Mucky Foot Productions Limited was a British video game developer, which existed from 1997 to 2003.

History
The company was founded in 1997 in Guildford, United Kingdom by three ex-Bullfrog developers: Mike Diskett, Fin McGechie and Guy Simmons. They intended to avoid the expansion and corporate atmosphere that had taken over at Bullfrog. Another ex-Bullfrog stalwart, Gary Carr, joined as the fourth director shortly afterwards.

A worldwide publishing deal with the UK publisher Eidos was announced in October 1997. That announcement was also used to announce Mucky Foot's first game Urban Chaos. At this point the game was referred to by its earlier work in progress name of Dark City.

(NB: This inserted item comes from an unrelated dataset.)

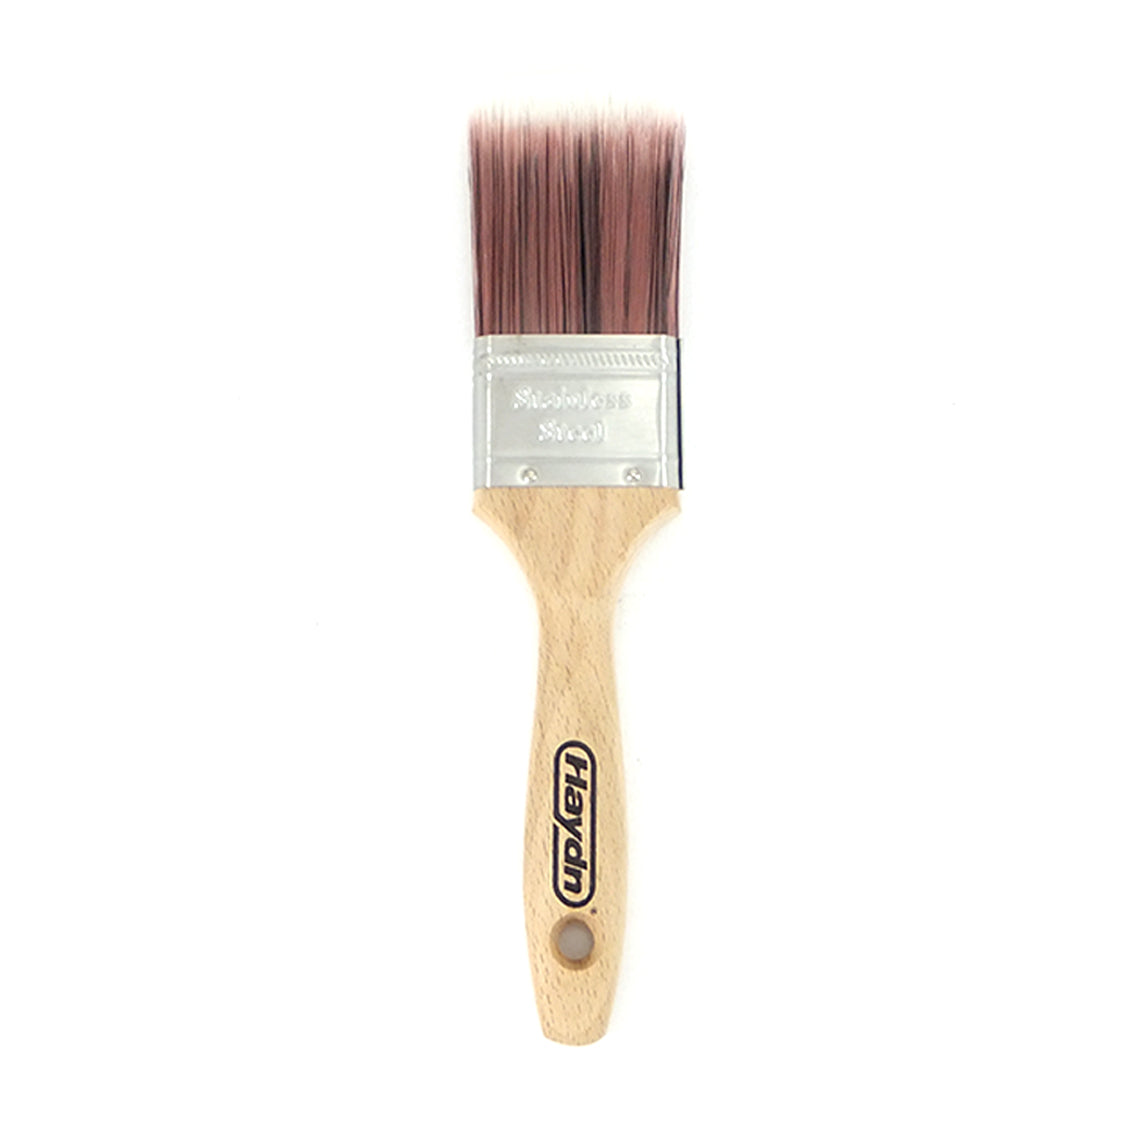 Excalibur Paint Brush

Over their lifetime Mucky Foot went on to release two more titles: Startopia and Blade II.

Despite high initial expectations, the company closed its doors in late 2003. This company closure saw six further games cease development while still only part produced like Bulletproof Monk, The Punisher, and Urban Chaos 2.

After the company closed, their official website remained active. However, its content at closure was replaced with the developer's internal quote sheet.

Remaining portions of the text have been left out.